Logo

1. Hukuk Dairesi2021/10404 E. 2022/4100 K.

Yapay Zeka Özeti

Bu karar için yapay zeka özeti oluşturulamadı.

Karar Metni

"İçtihat Metni"

MAHKEMESİ : ANKARA BÖLGE ADLİYE MAHKEMESİ 16. HUKUK DAİRESİ

İLK DERECE MAHKEMESİ: KONYA 4. ASLİYE HUKUK MAHKEMESİ

Taraflar arasındaki tapu iptali ve tescil istekli dava sonunda Ankara Bölge Adliye Mahkemesi 16. Hukuk Dairesince verilen 21/10/2021 tarihli 2021/1132 Esas – 2021/1899 Karar sayılı karar yasal süre içerisinde davalılar vekilleri tarafından duruşma istekli olarak temyiz edilmiş olmakla, duruşma günü olarak saptanan 25/05/2022 Çarşamba günü için yapılan tebligat üzerine temyiz eden davalı ... vekili Avukat ... ile temyiz edilen davacı vekili Avukat ... geldiler, davetiye tebliğine rağmen diğer temyiz eden davalı ... vekili gelmedi. Yokluğunda duruşmaya başlandı, süresinde verilen ve kayıt olunduğu anlaşılan temyiz dilekçesinin kabulüne karar verildikten sonra, dosya incelenip gereği düşünüldü:

I. DAVA

Davacı, 15154 ada 10 parselde bulunan 1 nolu bağımsız bölümün adına kayıtlı olduğunu, piyasaya borcu olduğunu bilen kayınbiraderi ...'in, "senin evini bizim bir arkadaşa devredelim, onun sicili düzgün, kredi çeksin kullanalım sonra da beraber öderiz" diyerek kendisini ikna ettiğini, devir işlemleri için kendisine 1.500,00 TL para verilerek evi davalı ...'ın üzerine devrettiğini, bu aşamada evin bankaya ipotek verileceğini ve bankadan para çekileceğini beklerken evin diğer davalı ...'ın üzerine devredildiğini öğrendiğini ve kendisine hiç para ödenmeden taşınmazın devredildiğini ileri sürerek dava konusu taşınmazın tapu kaydının iptali ile adına tesciline karar verilmesini istemiştir.

II. CEVAP

Davalı ..., davacının dava dışı...'e olan borçlarını kapatmak için davaya konu evi satmak üzere davacı ile anlaştıklarını, davaya konu taşınmazı 06/01/2014 tarihinde 44.000,00 TL'ye rayiç değeri üzerinden satın aldığını, satış bedelini Tapu Müdürlüğünde memur huzurunda verdiğini daha sonra eve bakım yapmak için 15-20 bin TL civarında masraf gerektiğini öğrenmesi üzerine 15/01/2014 tarihinde 47.000,00 TL'ye diğer davalıya sattığını, davalı ..., evinin yakınında olan dava konusu dairenin satılık olduğunu, dairenin sahibi ...'la 47.000,00 TL'ye anlaştığını, 7.000,00 TL'sini 13/01/2014 tarihinde verdiğini, tapu devredilirken 15/01/2014'de Harun'un Akbank hesabına yatırdığını, kalan 22.000,00 TL için senet verdiğini ve zamanında ödediğini, evi alırken kredi kullanmadığını, daireyi satın aldıktan sonra kiraya verdiğini belirterek davanın reddini savunmuşlardır.
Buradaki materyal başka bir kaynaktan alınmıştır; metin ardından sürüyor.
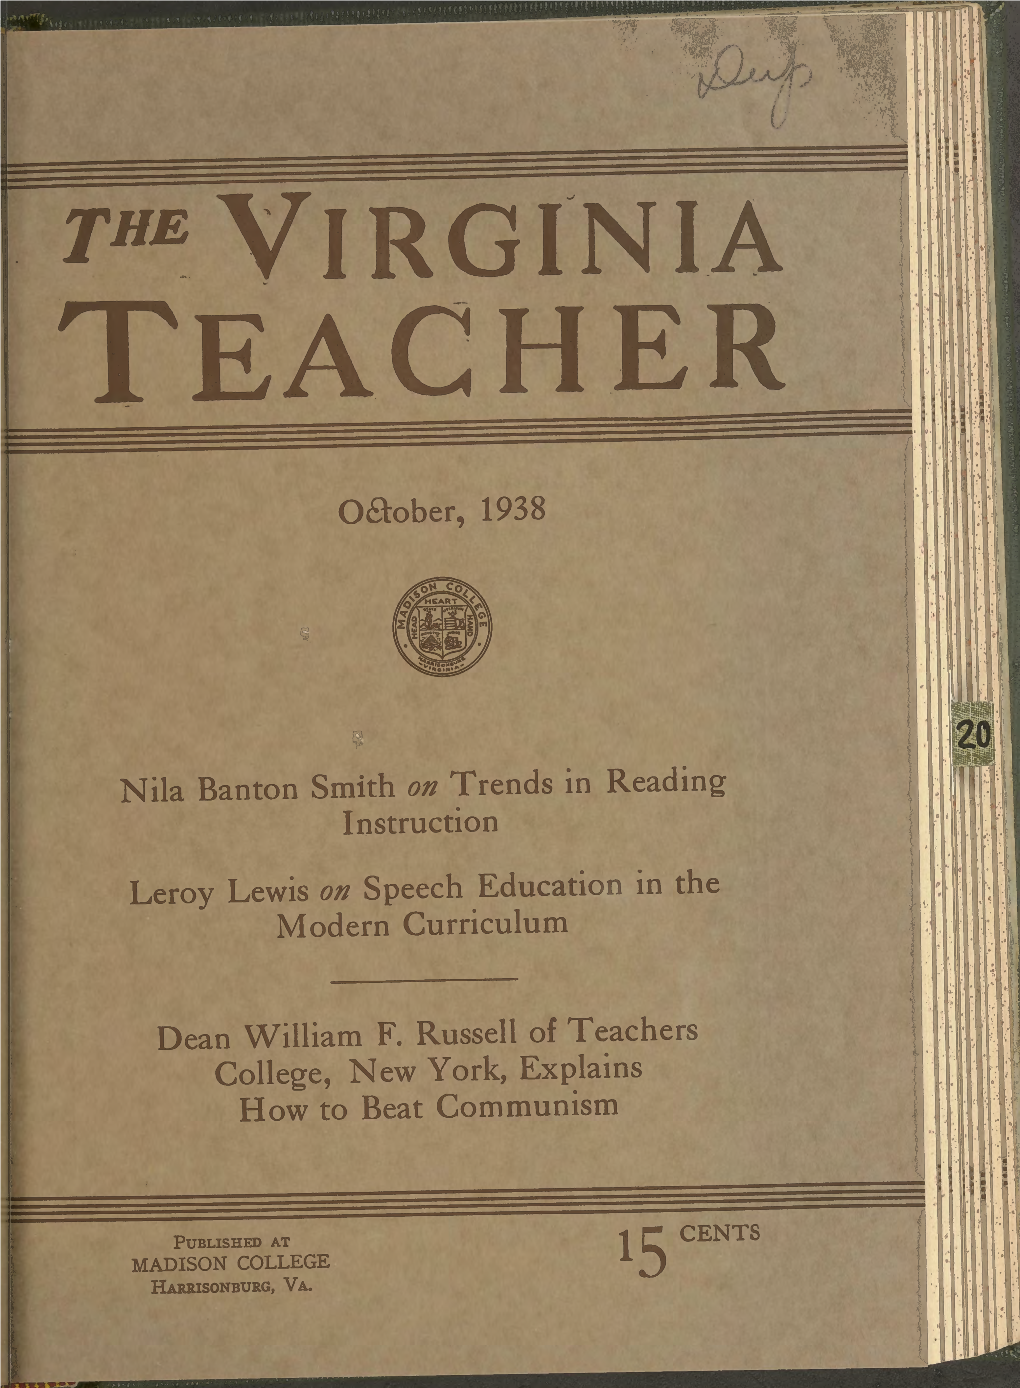 The Virginia Teacher, Vol. 19, Iss. 7, October 1938

III. İLK DERECE MAHKEMESİ KARARI

Konya 4.Asliye Hukuk Mahkemesinin 16/01/2018 tarihli ve 2014/401 E., 2018/49 K. sayılı kararıyla; dayanılan nedenlerden birinin ehliyetsizlik olması halinde kamu düzeniyle ilgili bulunması ve ehliyetsizliğin saptanması halinde öteki nedenlerin incelenme gereğinin ortadan kalkacağı hususları dikkate alındığında, aldırılan bilirkişi raporu ile de ehliyetsizliğin sabit olmadığı, tarafların gösterdikleri tüm delillerin toplandığı, tanıklardan somut bilgiler alındığı gerekçesi ile davanın reddine karar verilmiştir.

IV. İSTİNAF

1. İstinaf Yoluna Başvuranlar

İlk Derece Mahkemesinin yukarıda belirtilen kararına karşı süresi içinde davacı istinaf başvurusunda bulunmuştur.

2.Kaldırma Kararı

Bölge Adliye Mahkemesinin 01/10/2020 tarihli ve 2018/829 E., 2020/1017 K. sayılı kararıyla; “ ...Ehliyetsizlik iddiasının kamu düzenine ilişkin olduğu ve öncelikle incelenmesi gerektiği kuşkusuzdur. Ne var ki dava dilekçesinin içeriğinden ve iddianın ileri sürülüş biçiminden davada ehliyetsizlik iddiası yanı sıra hile ve inançlı işlem hukuksal nedenlerine de dayanıldığı görülmektedir. Bu durumda 2659 sayılı Kanun'un 7. ve 16. maddesi hükümleri uyarınca Adli Tıp Kurumu 4. İhtisas Dairesinden alınan rapor ile davacının ehliyetli olduğu saptandığına göre davada dayanılan diğer hukuksal nedenler bakımından da gerekli inceleme ve araştırma yapılarak elde edilecek sonuca göre bir karar verilmesi gerekirken ehliyetsizlik iddiasının kanıtlanamadığı gerekçesiyle davanın reddi cihetine gidilmiş olması doğru değildir.” gerekçesi ile davacının istinaf başvurusunun kabulü ile yerel mahkemece verilen kararın kaldırılmasına ve dosyanın yeniden mahkemesine gönderilmesine karar verilmiştir.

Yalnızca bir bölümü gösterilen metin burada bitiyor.